Information provided section start
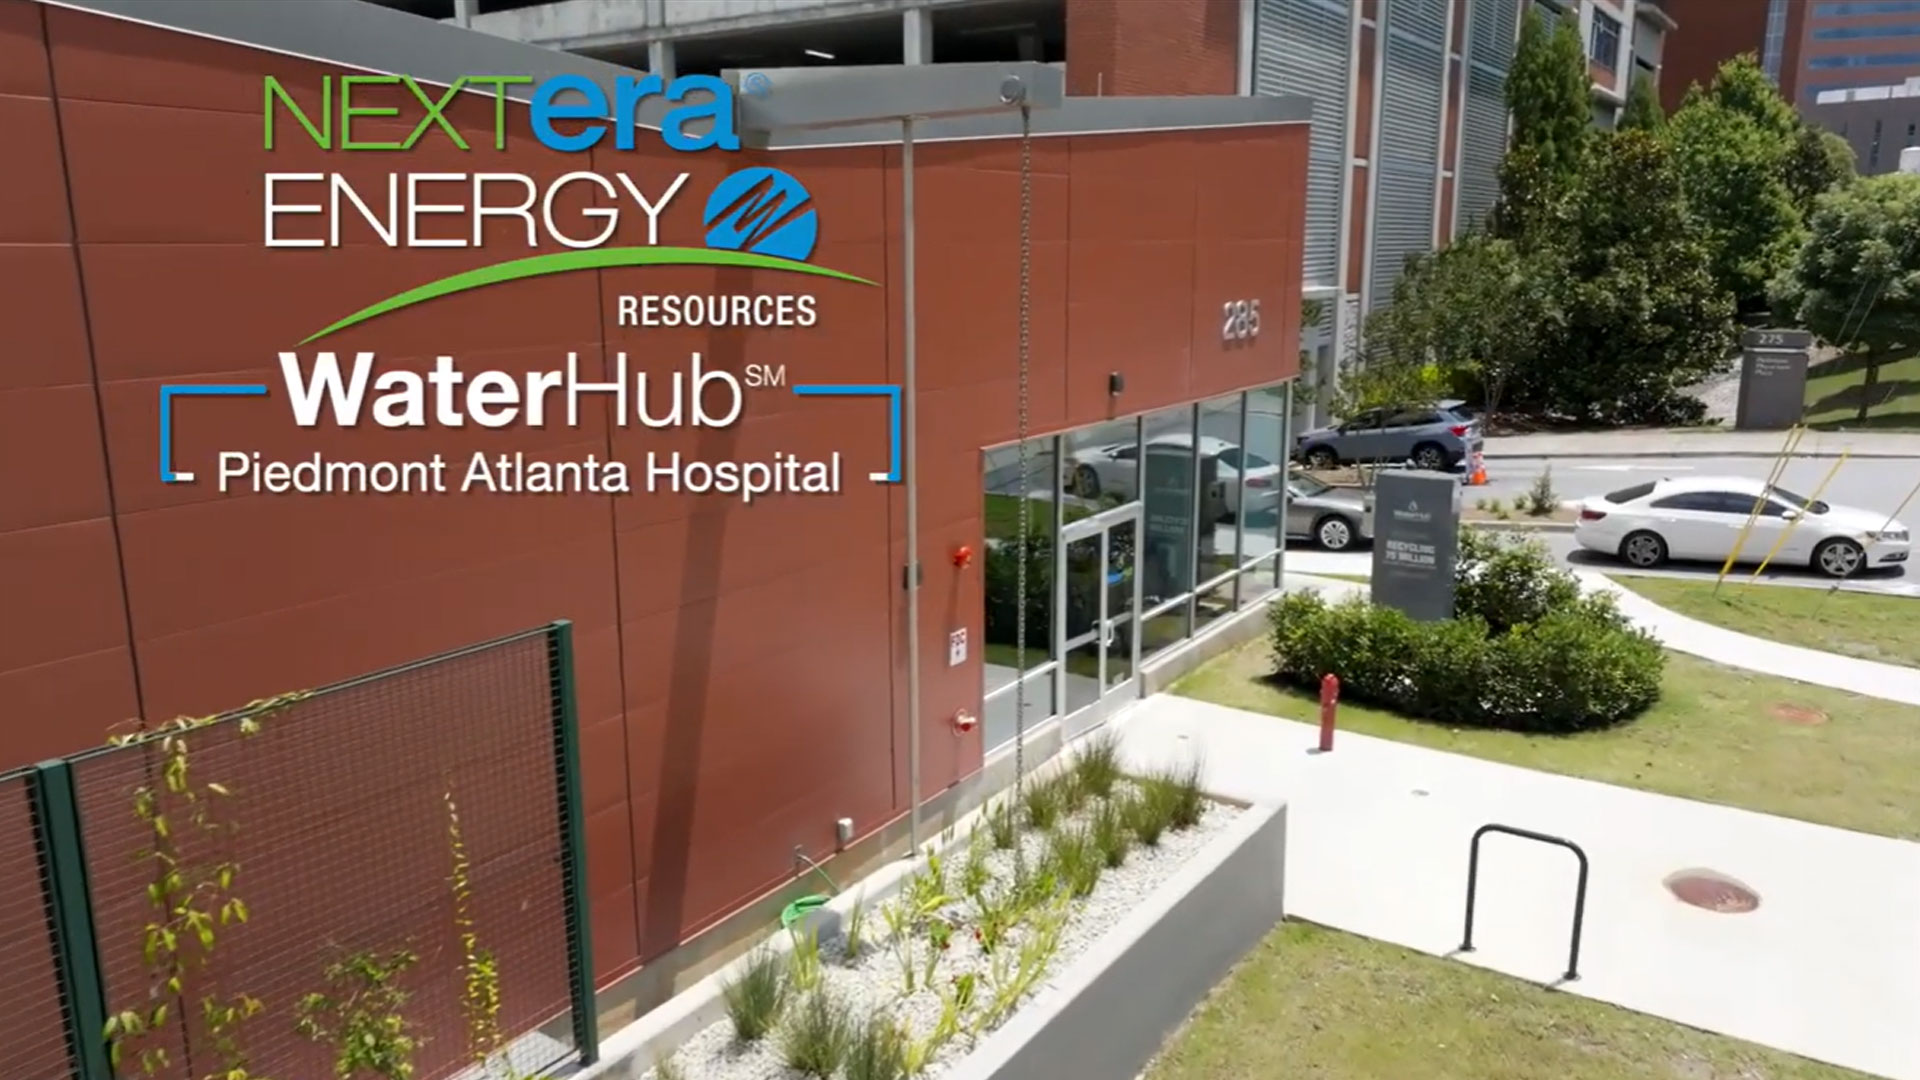 NextEra Energy WaterHub at Piedmont Atlanta Hospital
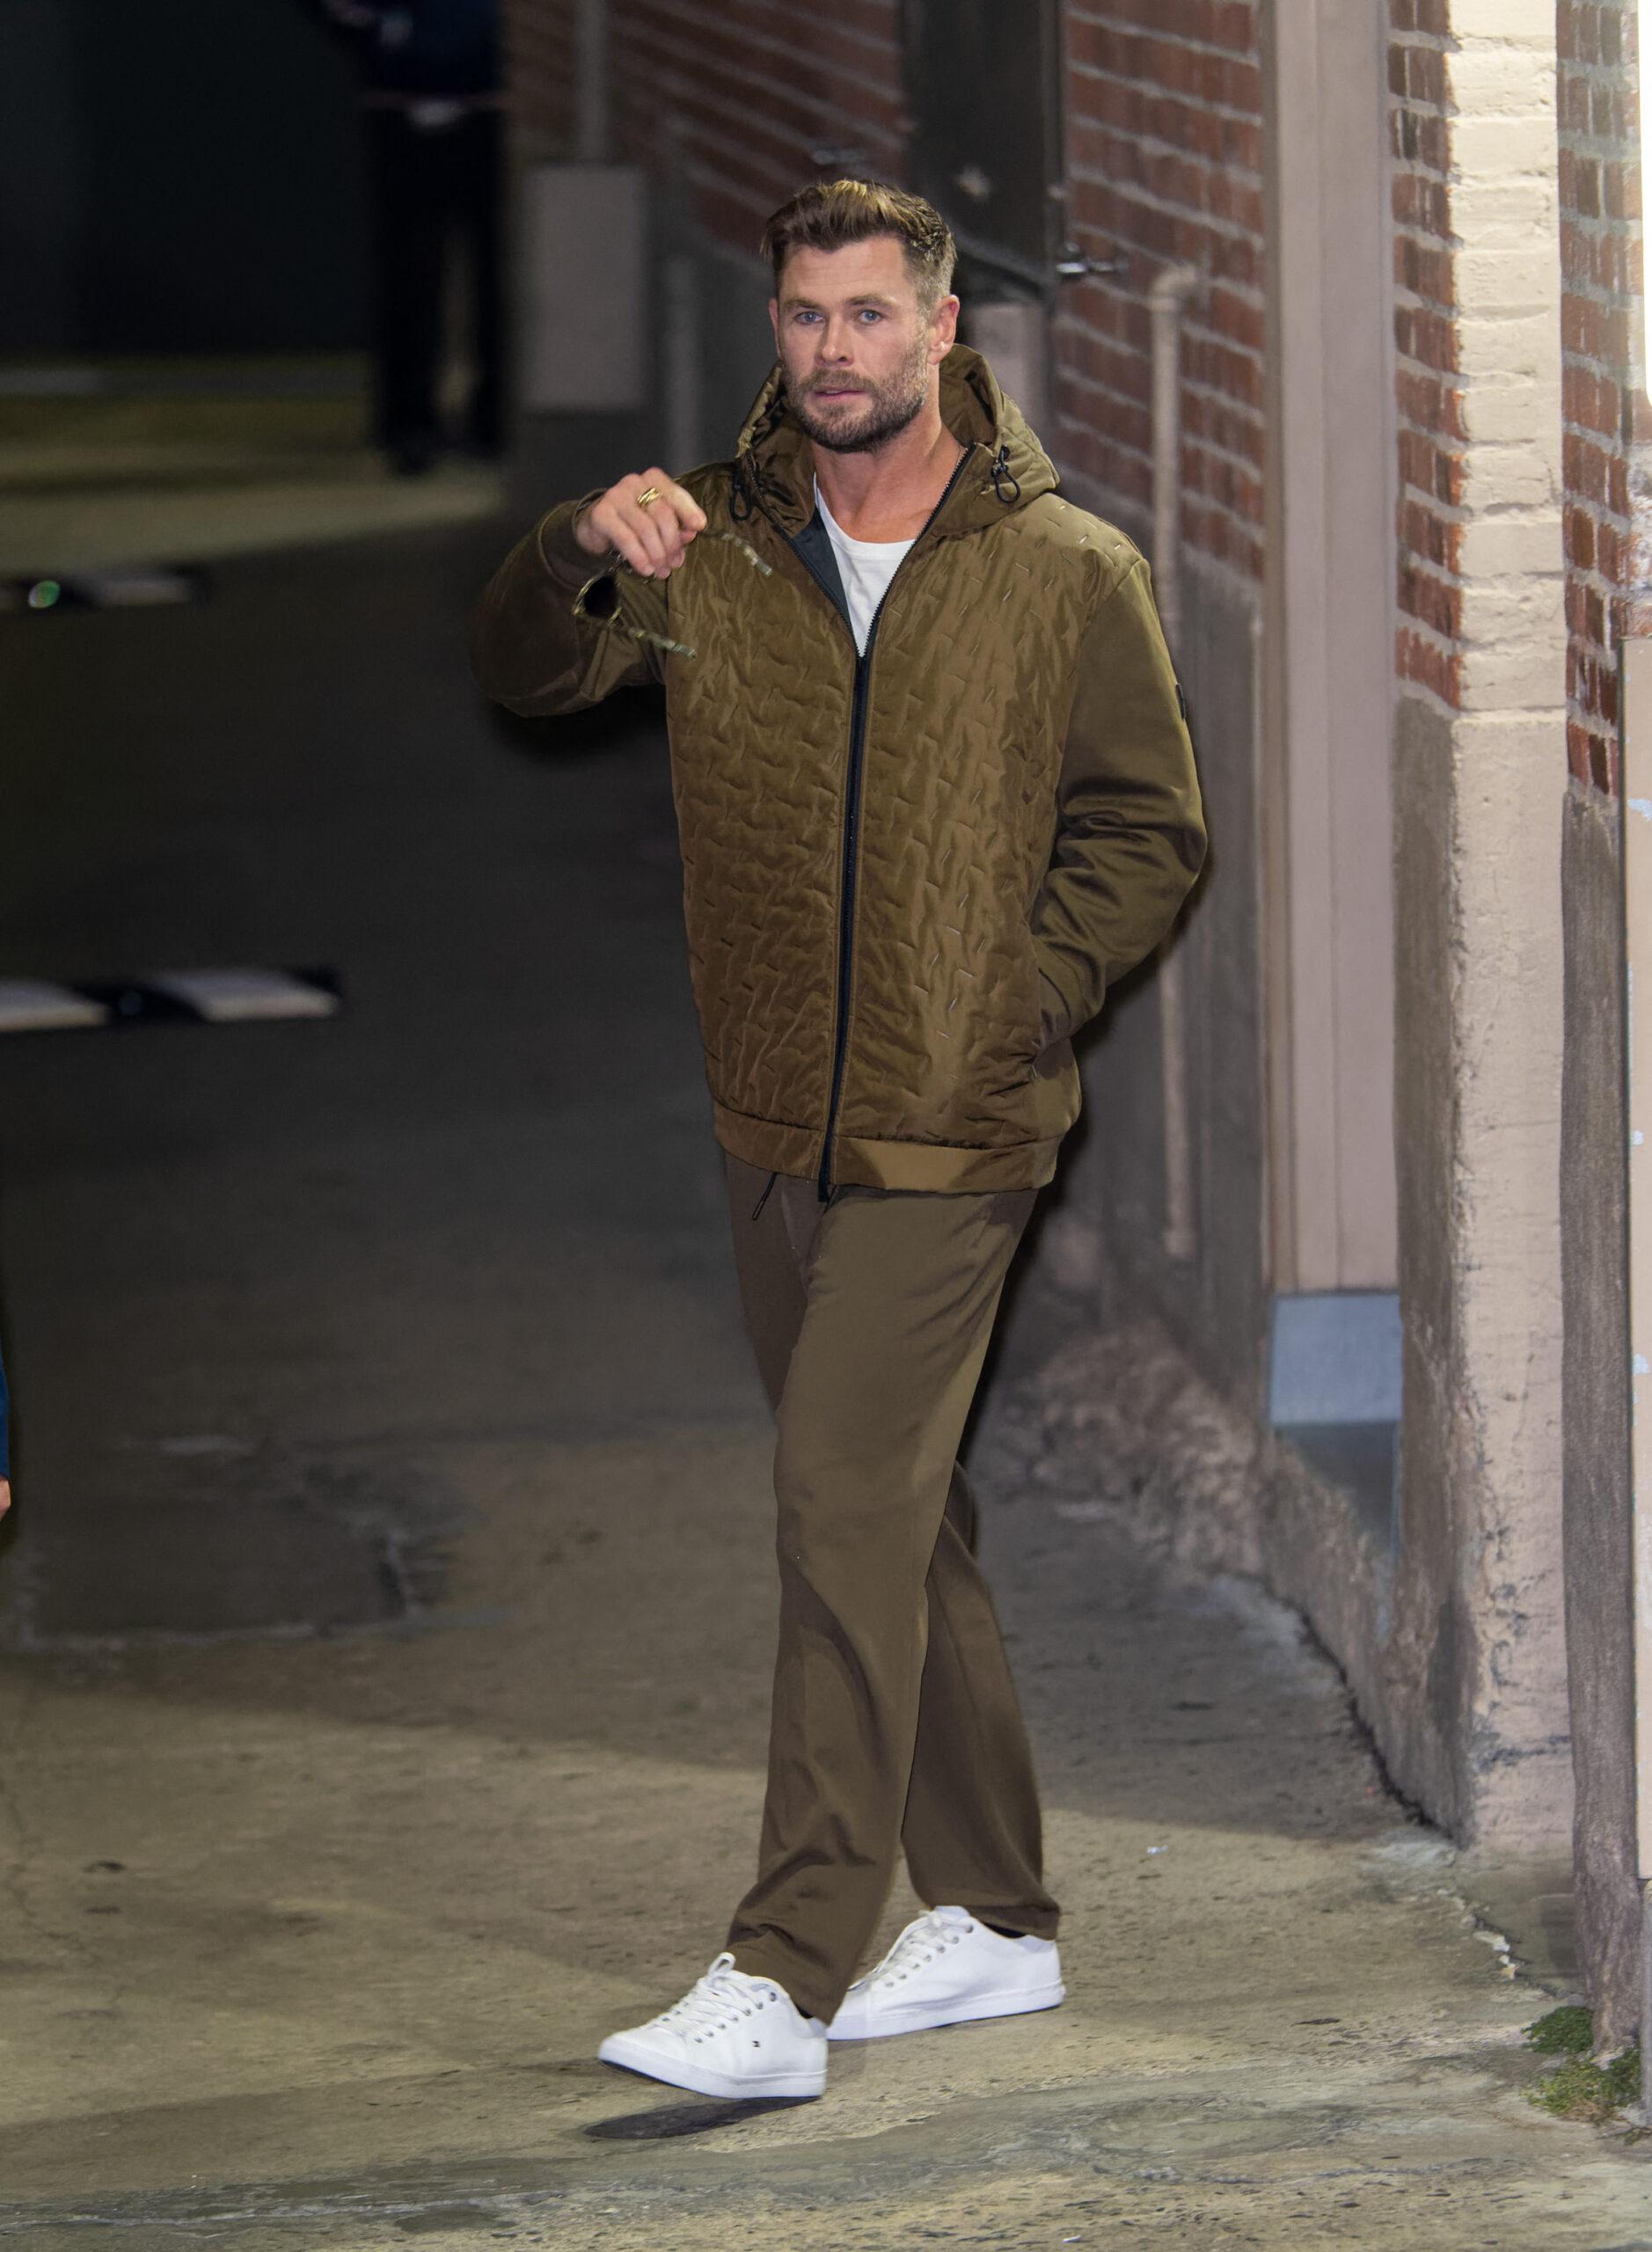 Chris Hemsworth at Kimmel
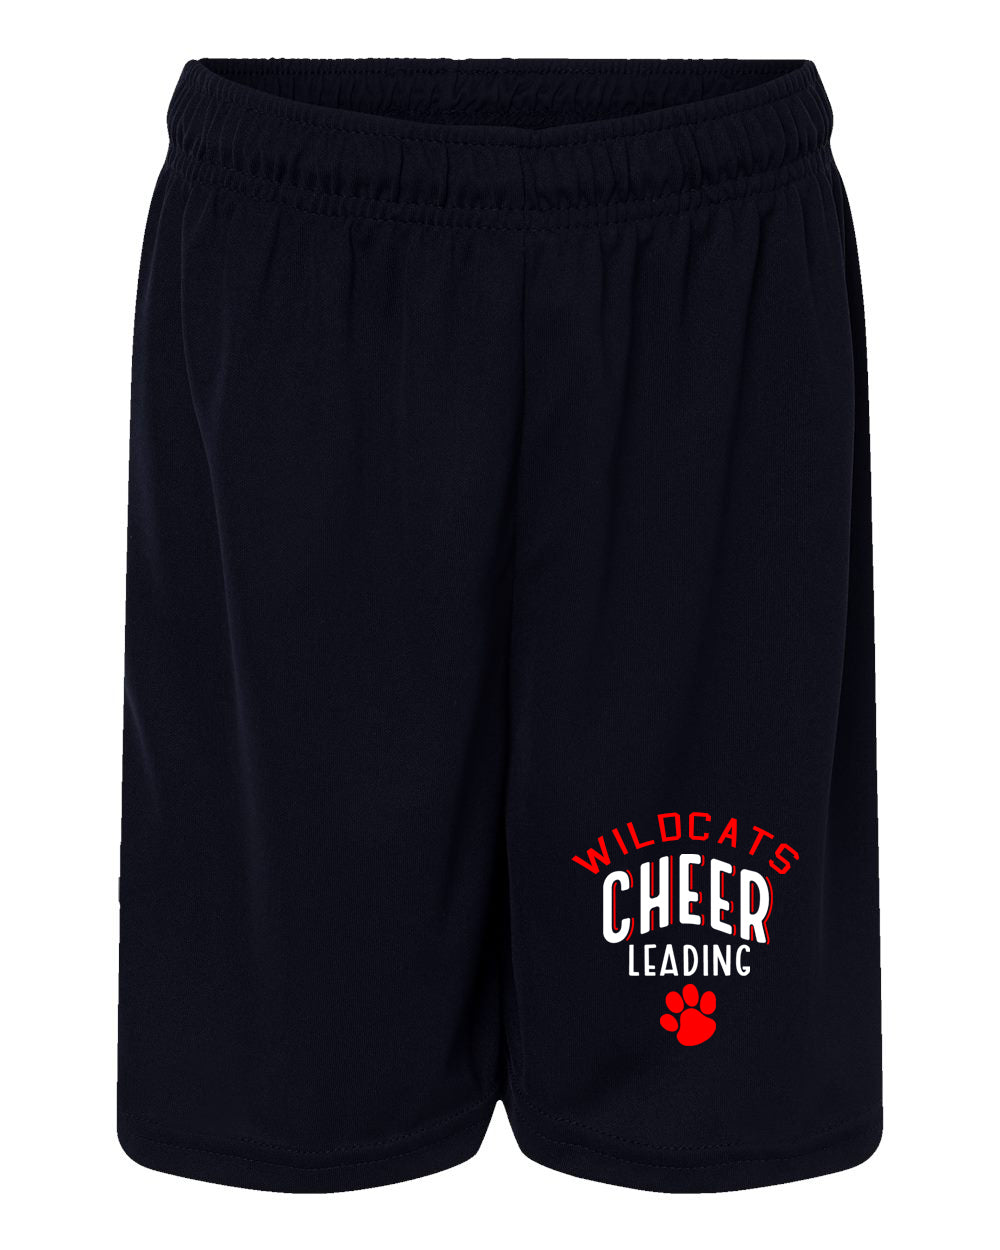 Wildcats Cheer Design 5 Performance Shorts
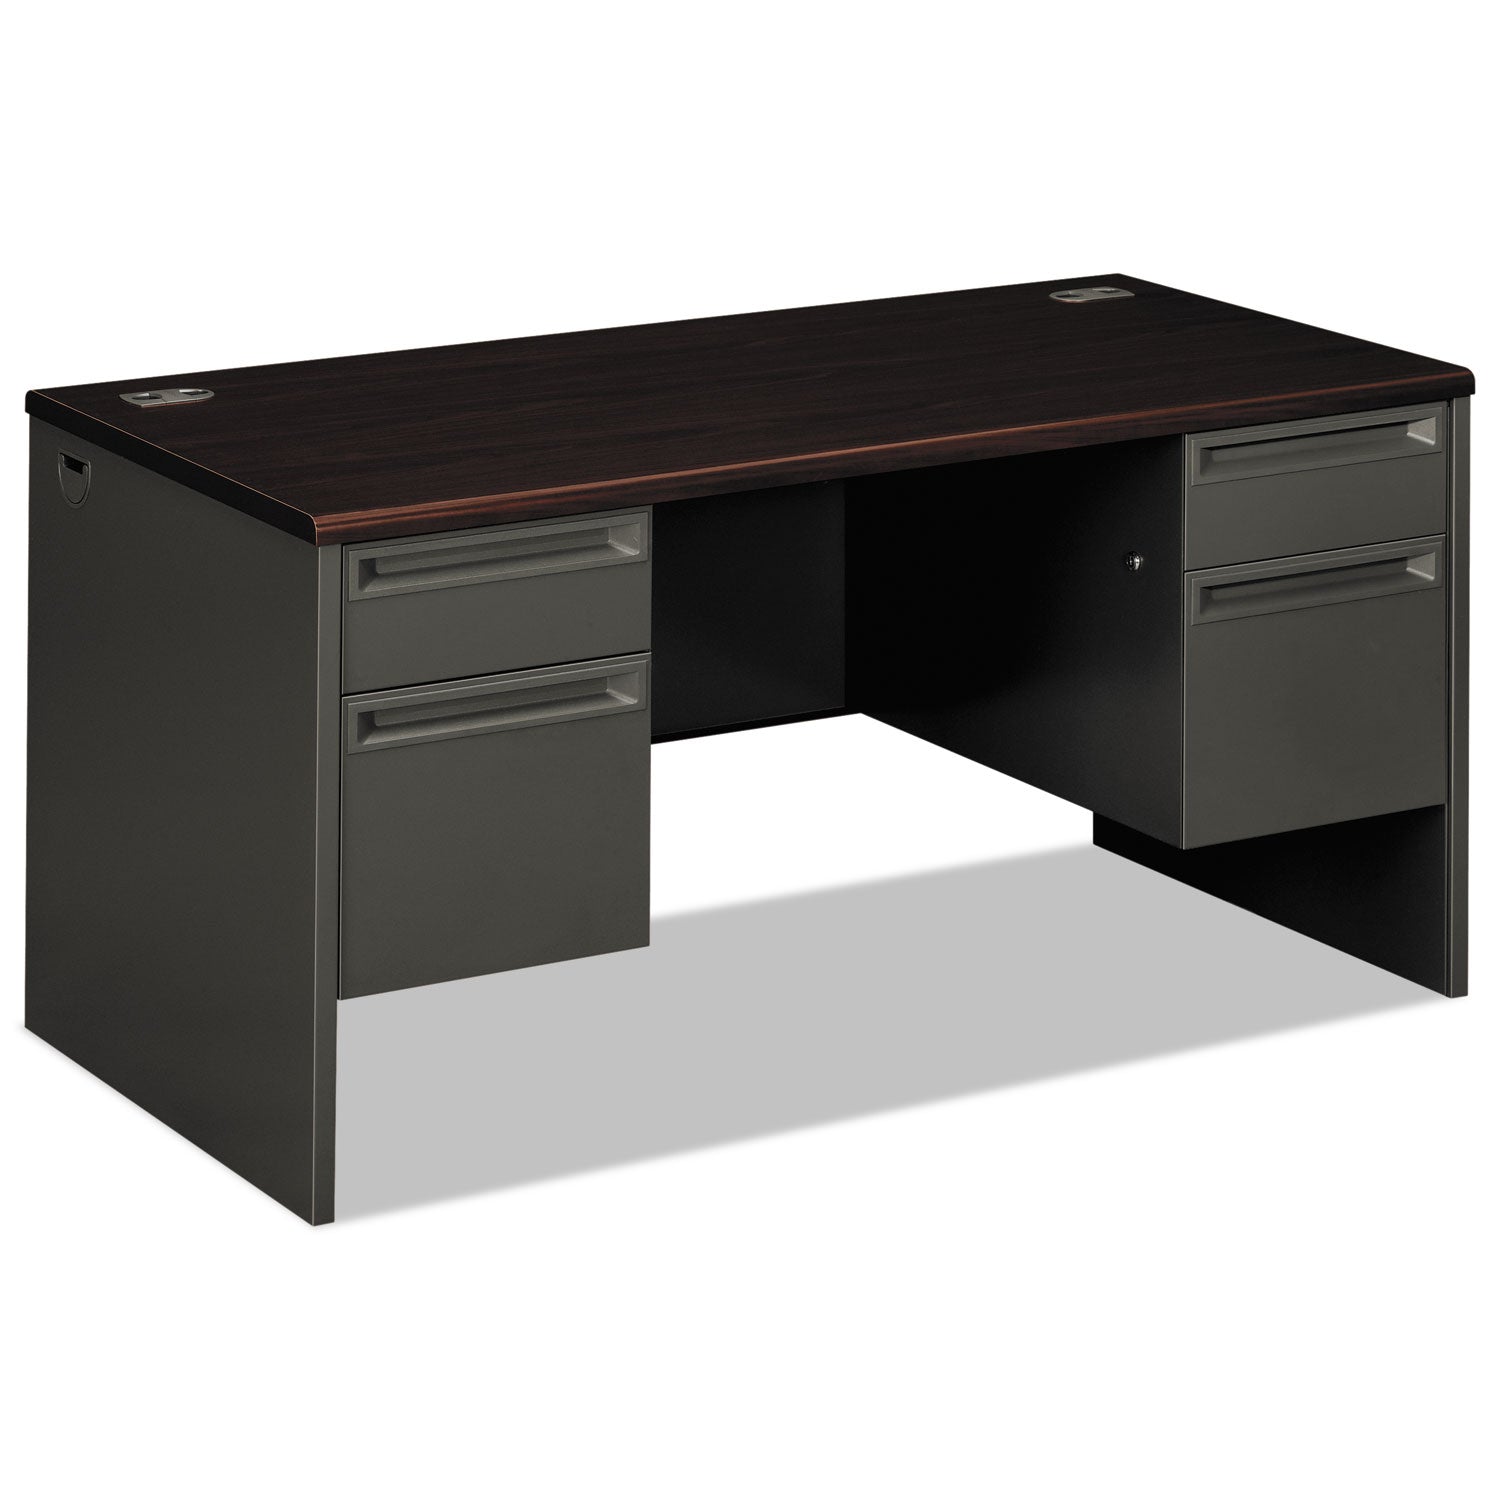 38000 Series Double Pedestal Desk, 60" x 30" x 29.5", Mahogany/Charcoal -
Information provided section end
Repeat the material above word for word, please, apart from its images.

 NextEra Energy WaterHub at Piedmont Atlanta Hospital
 Chris Hemsworth at Kimmel
 Wildcats Cheer Design 5 Performance Shorts
 38000 Series Double Pedestal Desk, 60" x 30" x 29.5", Mahogany/Charcoal -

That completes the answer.